藻類デスモデスムス属

敗け犬の大いなる煩悩の藻類デスモデスムス属のレビュー・感想・評価

敗け犬の大いなる煩悩(2017年製作の映画)
4.5
負け犬は「鼻」が良いのです。リン・イーパイをはじめ見た時、カマイタチかなって思ったら、負け犬でした。俺が売れないのは社会が悪い、努力を怠り、酒を飲み、平凡な人生。かつて恋したマドンナの結婚式では、見栄を張り、空回り。口煩い妻から逃げ出せば棒に当たるが如く、学生時代にタイムスリップ。タイムスリップ!定番なんですけれども!思わぬ番狂わせのチャンスに、鼻息荒く奮闘を開始するイーパイ。目糞を笑う鼻糞ではなく、糞を鼻で笑う人気者になる為に。大人になっても出来の違いを鼻にかける、優等生の鼻っ柱をへし折る為に。鼻が胡座をかいた幼馴染の花よりも、鼻筋の通った学校一の華を射止める為に。かつて自分を負け犬に仕立て上げた世界の鼻を明かすように、快進撃を続けます。2回目の1999年、彼は当時未だ知られていない曲を知っているのです。スターダムを駆け上がり、鼻の下をのばし、小鼻を蠢かすと。寄り集まってくる、鼻を鳴らす人、鼻を高くする人、鼻息を窺う人。映画館で上品ぶった結果、鼻から笑いが漏れてしまう人々、つまり、観客。しかし、本当に必要な鼻が、欠けている気がするのはなぜ?___鼻は顔のセンターで立っています、鼻は「自」の象徴、というか「自」が鼻の象形です。芥川龍之介の「鼻」が面白いのは、それが「口」や「耳」ではなく「鼻」だから。小さい頃、鼻の穴が大きくなるのを恐れて、鼻を洗濯バサミで挟んだこともありましたね。

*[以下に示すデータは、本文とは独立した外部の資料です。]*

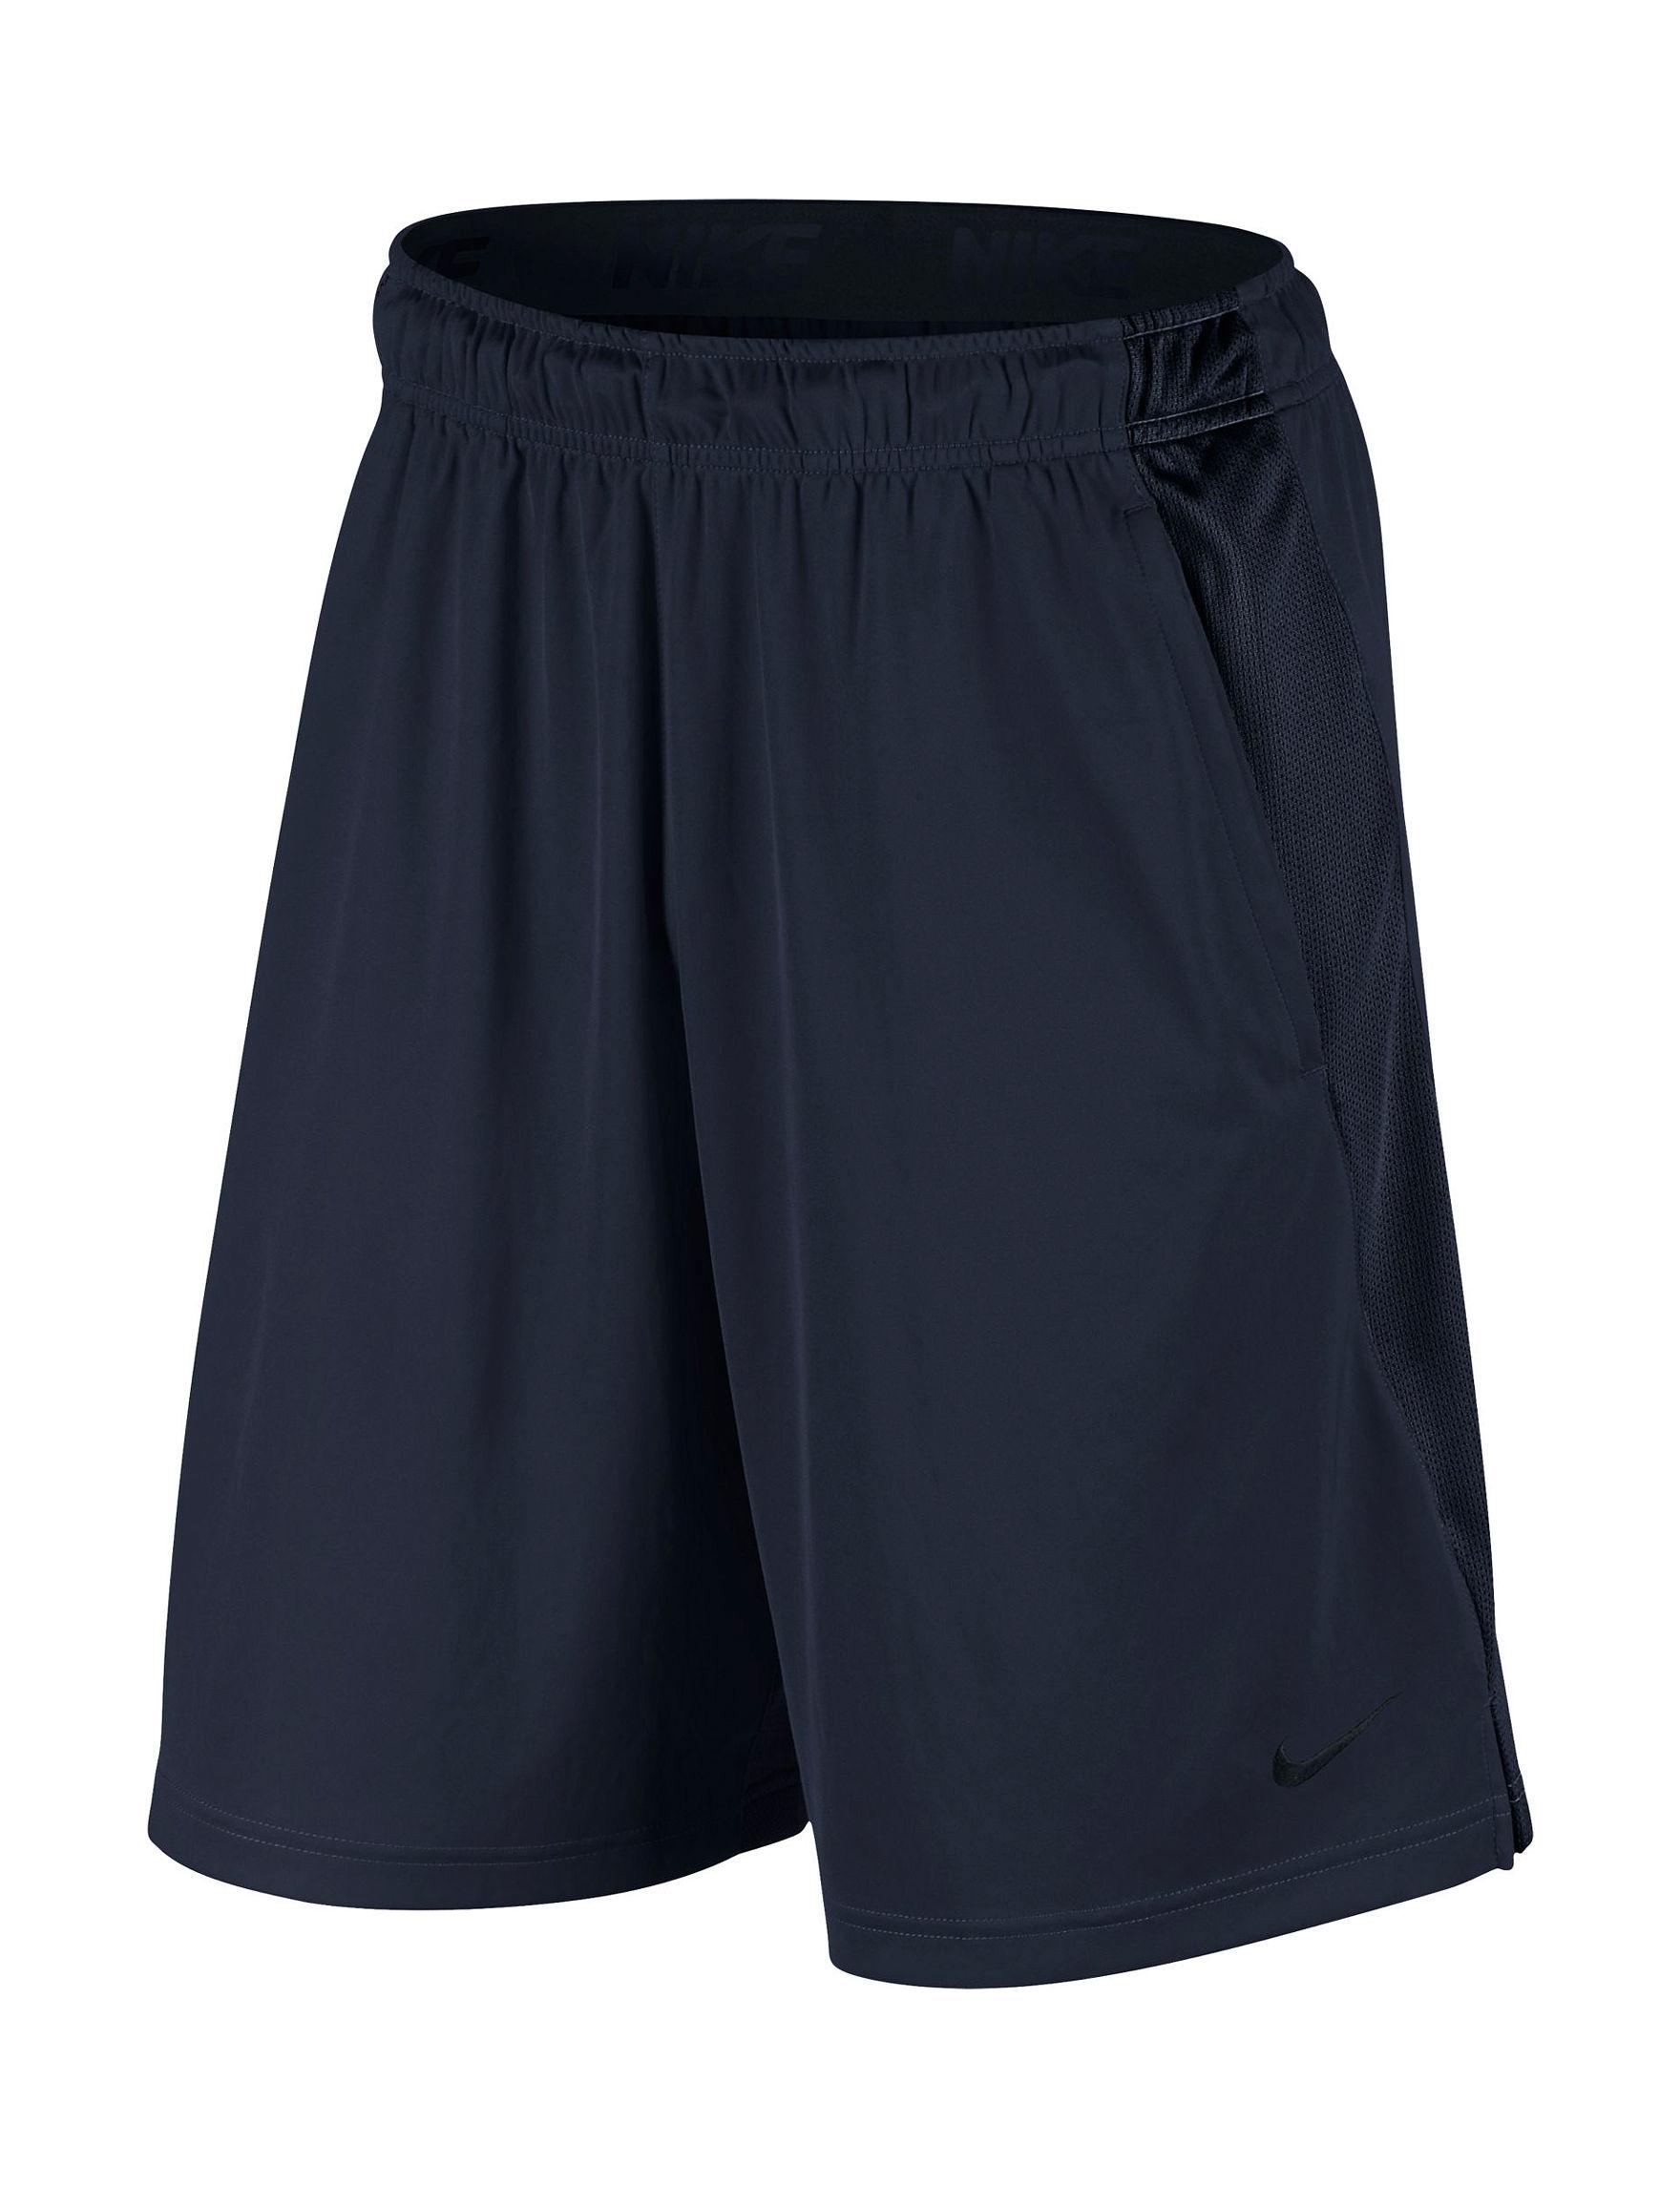 Nike Navy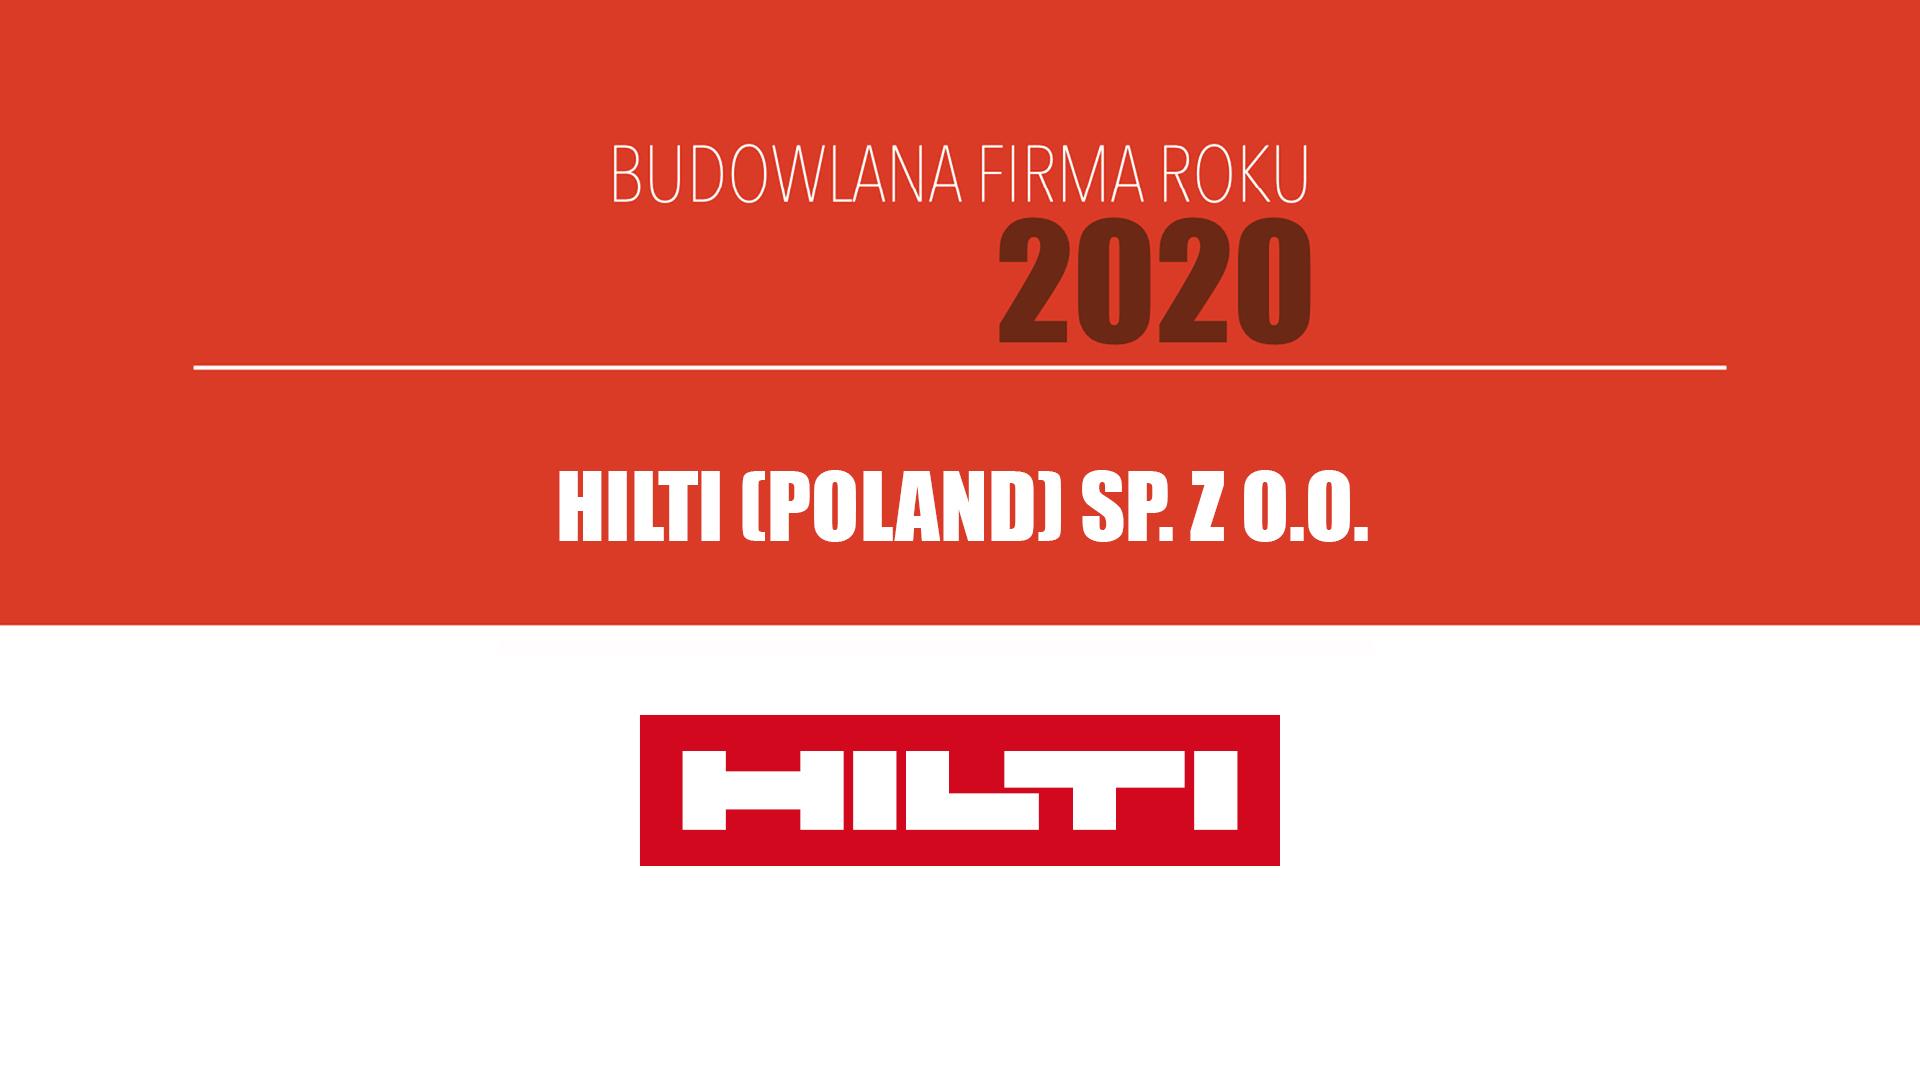 HILTI (POLAND) SP. Z O.O. – Budowlana Firma Roku 2020

いや、これは関係のない、個人的な思い出話。とにかく鼻はよく知っているはずなんです、本当の自分の気持ちを。ほら鼻*鼻も、「あーよかったな、あなたがいて」って歌ってるじゃないですか。それもまた、定番なんですけれども。そもそもこの映画、リメイクなんですけれども。99%の笑いと1%の涙なんて、繰り返される鼻水注意報でありまして。どうしても唄いたくなってしまう鼻唄のようなものでありまして。やっぱり、負け犬の「鼻」が好いのです。リン・イーパイが好きになるのです。